In an embodiment, a method for traversing a lateral break comprises sealingly engaging a first piston assembly with a wellbore, increasing pressure across the first piston assembly, displacing the first piston assembly axially within the wellbore in a first direction, sealingly engaging a second piston assembly with the wellbore to create a first annulus between the first piston assembly and the second piston assembly, opening a by-pass across the second piston assembly to allow fluid communication to the first annulus, displacing the first piston assembly and the second piston assembly axially within the wellbore in the first direction while maintaining the first annulus, opening a by-pass across the first piston assembly when pressure decreases across the first piston assembly, and closing the by-pass across the second piston assembly to increase pressure across the second piston assembly.
These and other features will be more clearly understood from the following detailed description taken in conjunction with the accompanying drawings and claims.
For a more complete understanding of the present disclosure and the advantages thereof, reference is now made to the following brief description, taken in connection with the accompanying drawings and detailed description:
In the drawings and description that follow, like parts are typically marked throughout the specification and drawings with the same reference numerals, respectively. The drawing figures are not necessarily to scale. Certain features of the invention may be shown exaggerated in scale or in somewhat schematic form and some details of conventional elements may not be shown in the interest of clarity and conciseness.
Unless otherwise specified, any use of any form of the terms “connect,” “engage,” “couple,” “attach,” or any other term describing an interaction between elements is not meant to limit the interaction to direct interaction between the elements and may also include indirect interaction between the elements described. In the following discussion and in the claims, the terms “including” and “comprising” are used in an open-ended fashion, and thus should be interpreted to mean “including, but not limited to . . . ”. Reference to up or down will be made for purposes of description with “up,” “upper,” “upward,” or “upstream” meaning toward the surface of the wellbore and with “down,” “lower,” “downward,” or “downstream” meaning toward the terminal end of the well, regardless of the wellbore orientation. Reference to in or out will be made for purposes of description with “in,” “inner,” or “inward” meaning toward the center or central axis of the wellbore, and with “out,” “outer,” or “outward” meaning toward the wellbore tubular and/or wall of the wellbore. Reference to “longitudinal,” “longitudinally,” or “axially” means a direction substantially aligned with the main axis of the wellbore and/or wellbore tubular. Reference to “radial” or “radially” means a direction substantially aligned with a line between the main axis of the wellbore and/or wellbore tubular and the wellbore wall that is substantially normal to the main axis of the wellbore and/or wellbore tubular, though the radial direction does not have to pass through the central axis of the wellbore and/or wellbore tubular. The various characteristics mentioned above, as well as other features and characteristics described in more detail below, will be readily apparent to those skilled in the art with the aid of this disclosure upon reading the following detailed description of the embodiments, and by referring to the accompanying drawings.

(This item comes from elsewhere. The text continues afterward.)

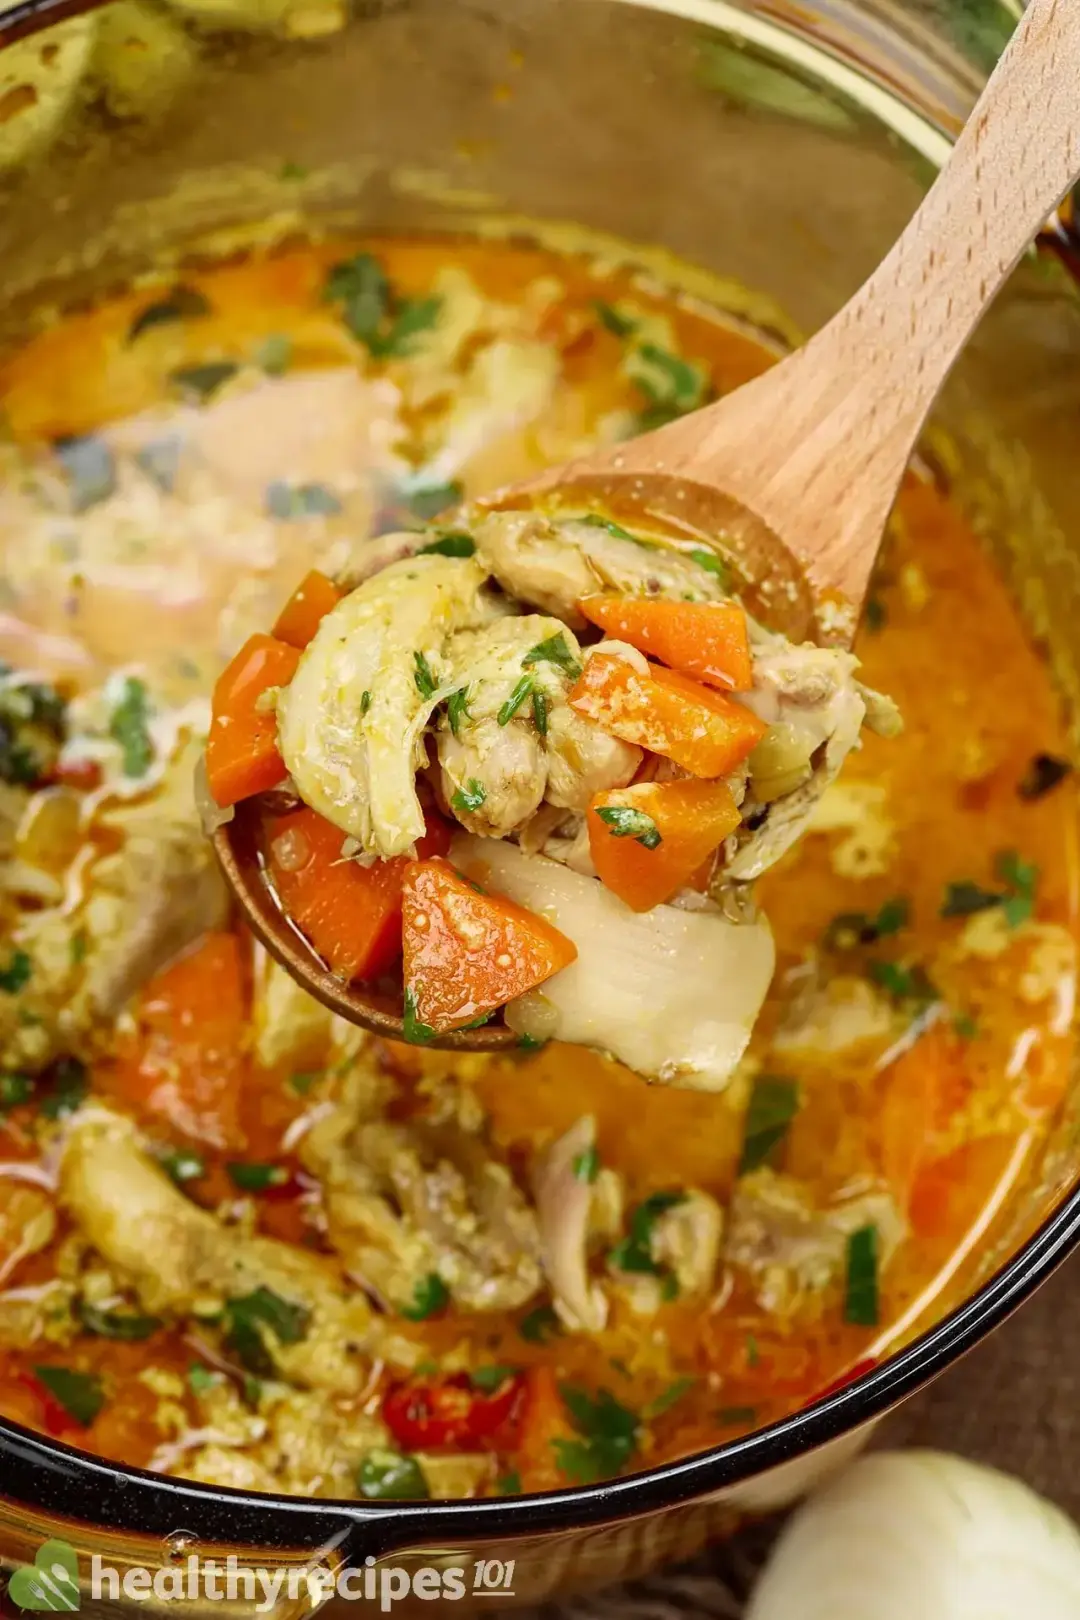 What Makes Our Thai Noodle Soup Different

Traditional drilling systems utilize a drill bit disposed on the end of a drill string to form a wellbore in a subterranean formation. Force can be applied to the drill bit to engage the drill bit with the subterranean formation, which may be referred to as applying weight to the drill bit. The force is usually applied by lowering the drill string to allow a portion of the weight of the drill string to be applied to the drill bit. However, for deep wellbores and/or deviated or horizontal sections, the drill string may experience drag forces due to contact with the wellbore walls. This make applying weight to the drill bit by simply lowering the drill string difficult and unreliable. One solution involves the use of a piston tractor system comprising two pistons to apply a force to the drill bit based on hydraulic pressure. However, even this system may become unreliable in the absence of a surface to provide a seal with the pistons. For example, leak paths such as lateral bore holes and/or porous formations may result in a loss of pressure across the pistons, and therefore, a loss of weight on the drill bit.

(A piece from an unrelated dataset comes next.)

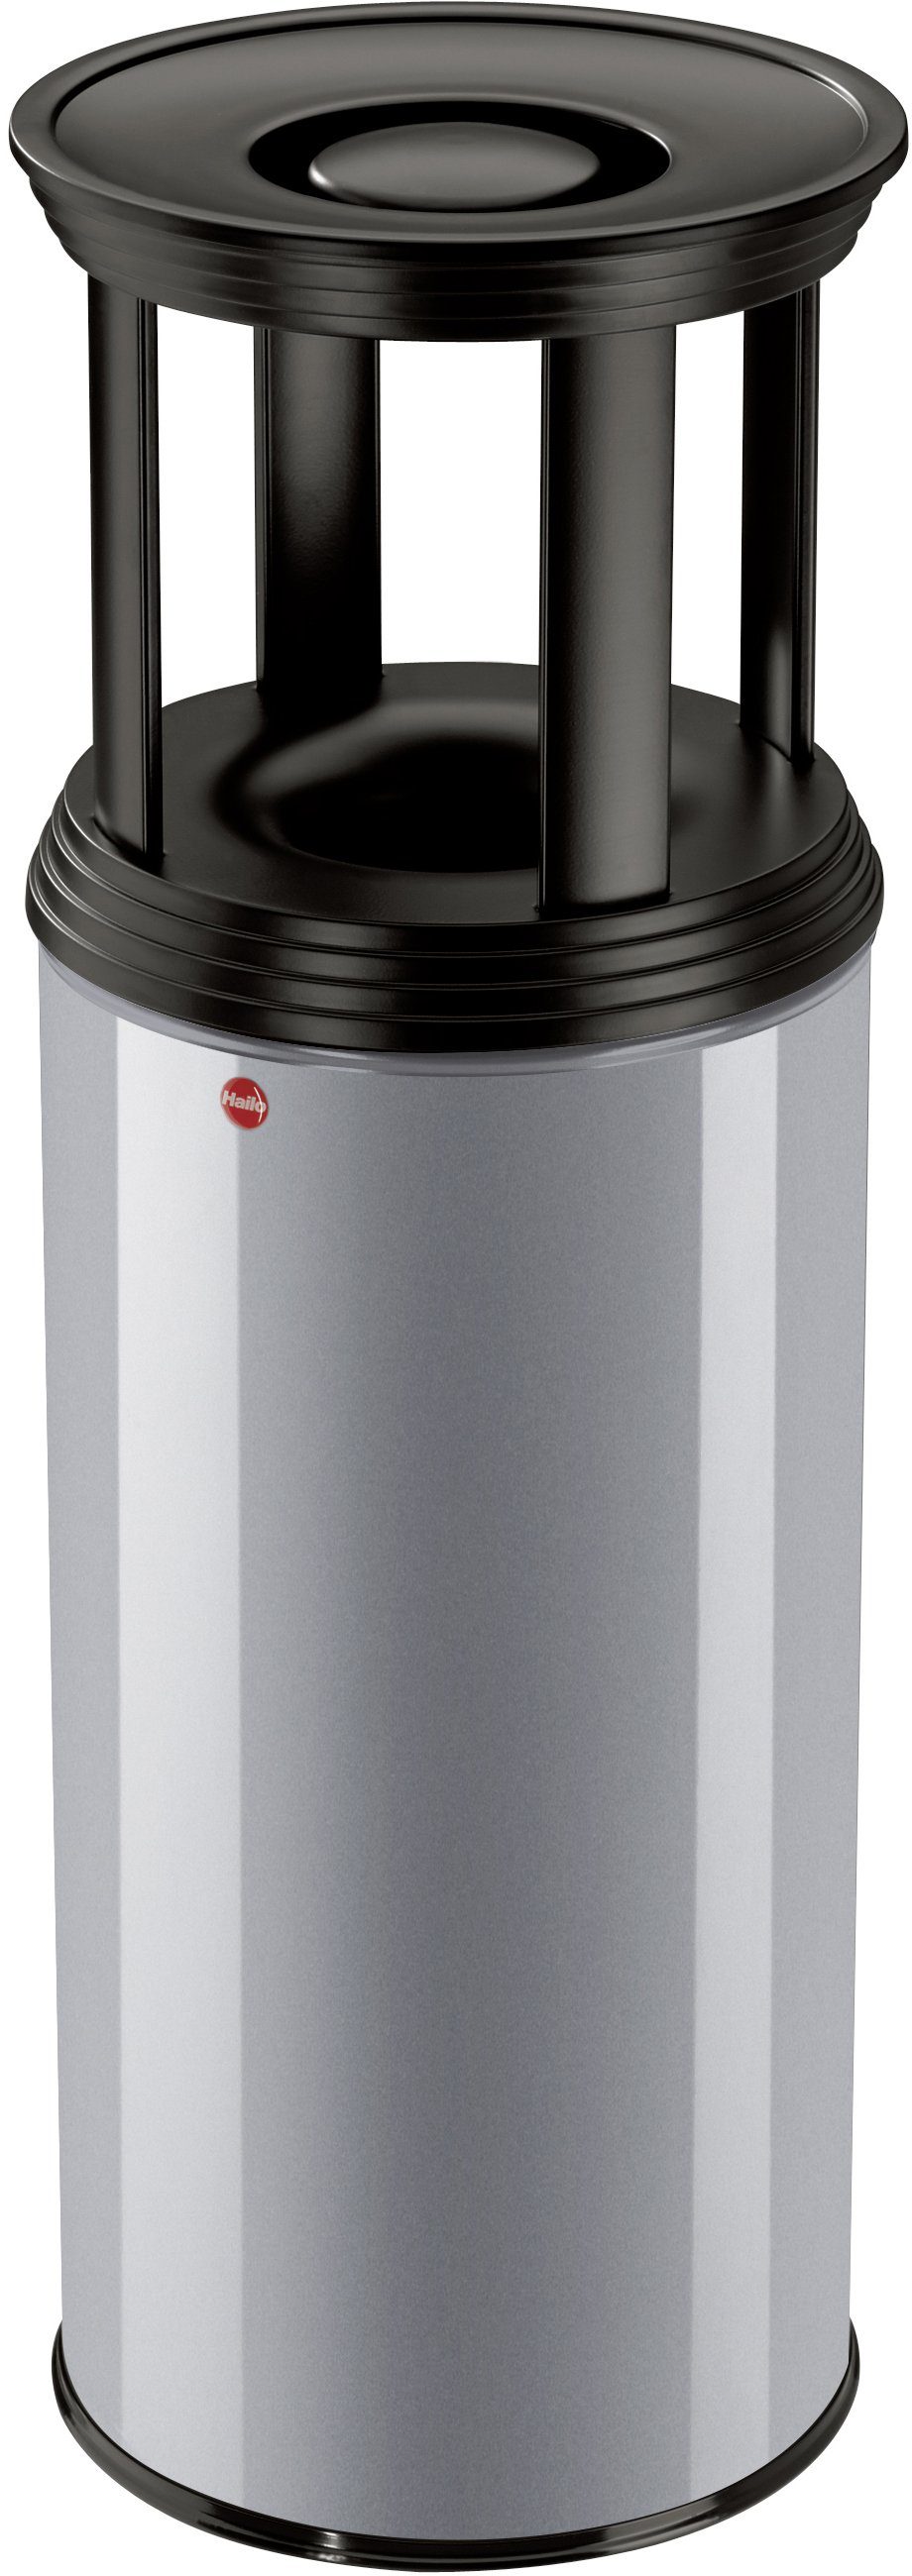 Hailo Aschenbecher ProfiLine Safe Plus XL, 45 Liter, Stahlblech, flammenlöschender Papierkorb mit Ascherschale aluminiumfarben/schwarz | Papierkörbe

Disclosed herein is a pipe in pipe piston thrust system having pull and push through coupling designs for use with a wellbore tubular that may be used to bypass various leak paths and/or maintain force on a drill bit or tool within the wellbore. The pipe in pipe piston thrust system described herein may be coupled to a wellbore tubular through the use of tubular string, thereby coupling the pipe in pipe piston thrust system to the wellbore tubular. Drilling with reel-well like systems requires the weight applied to the bit to be primarily controlled by pressure behind a piston in a casing or liner section behind the interval being drilled. If this back up pressure is lost due to the piston traversing a lateral branch or path in the wellbore, a perforated zone, a screen lined zone or a slotted liner/casing zone, pressure fluid can be lost into the formation and the pumps on the surface may not be able to pump hard enough to maintain the desired weight on a bit as the fluid drains into a formation from the bore hole where the piston is located. These types of fluid loss pathways may be referred to as leak paths, and in some contents, lateral leak paths. In some cases, a lateral path may be sealed to fluid flow, but the presence of the lateral path may be sufficient to disrupt the seal formed between a piston and the wellbore. Once the piston is past the sealed lateral path, the seal may be reformed and any fluid in communication with the sealed pathway may be used to apply pressure to the piston. These types of lateral paths may be referred to as lateral breaks.

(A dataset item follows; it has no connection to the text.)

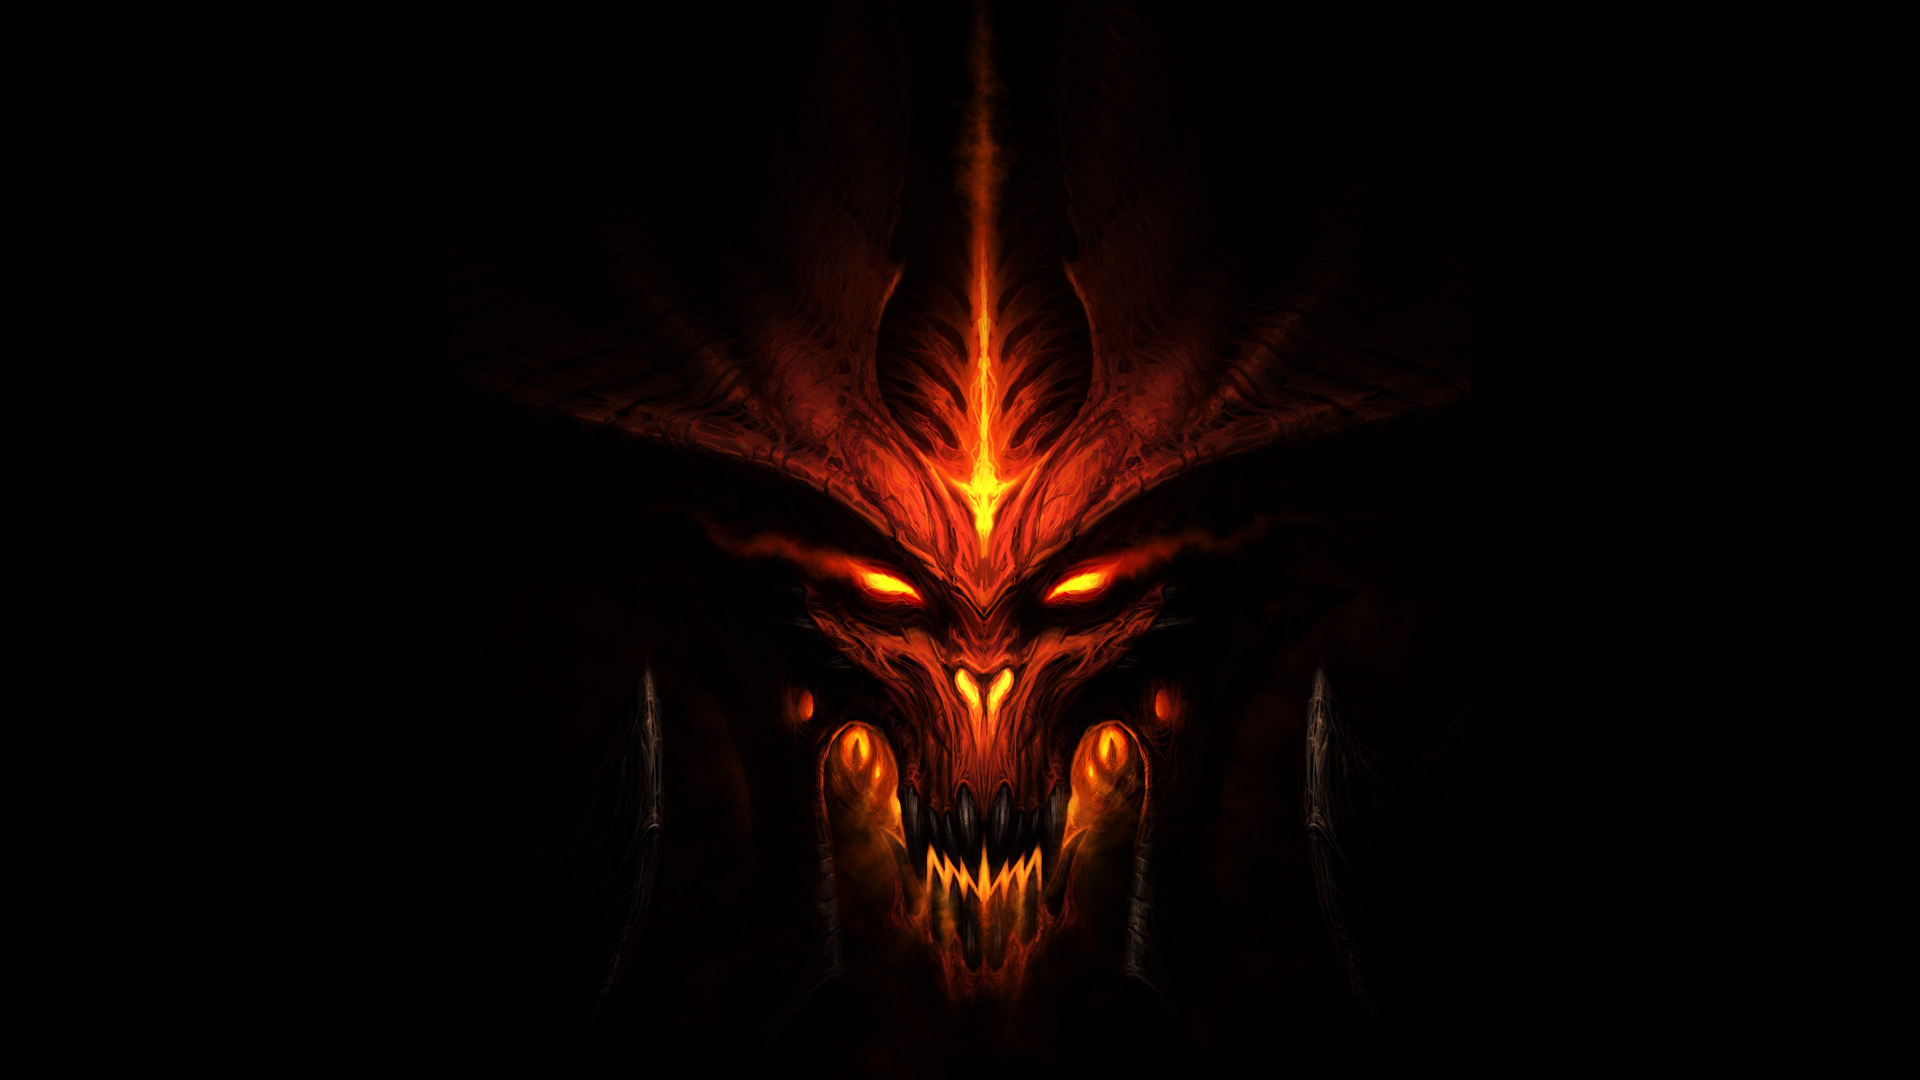 Diablo HD Wallpaper In Games Imageci

A pipe in pipe piston thrust system may be implemented to overcome these obstacles. The pipe in pipe piston thrust system comprises a plurality of piston assemblies which selectively sealingly engage a wellbore. A plurality of annuli can be formed between a wellbore tubular, the wellbore wall and/or a casing inner surface, and the plurality of piston assemblies. As a result, the plurality of annuli can be disposed longitudinally above, below, and/or between the plurality of piston assemblies, though in some embodiments described herein, a plurality of radial annuli may also be present. A by-pass may be disposed between the plurality of annuli, where the by-pass allows for the selective communication of a fluid between the plurality of annuli. This system allows the user to effortlessly drive a drill bit through subterranean formations avoiding unnecessary hassle and steps when the wellbore has a lateral leak path or a lateral break. The pipe in pipe piston thrust system further comprises a pump which transfers fluid into the wellbore. Additionally, the pipe in pipe piston thrust system may comprise a selectively fixed attachment of the plurality of piston assemblies to a tubular string.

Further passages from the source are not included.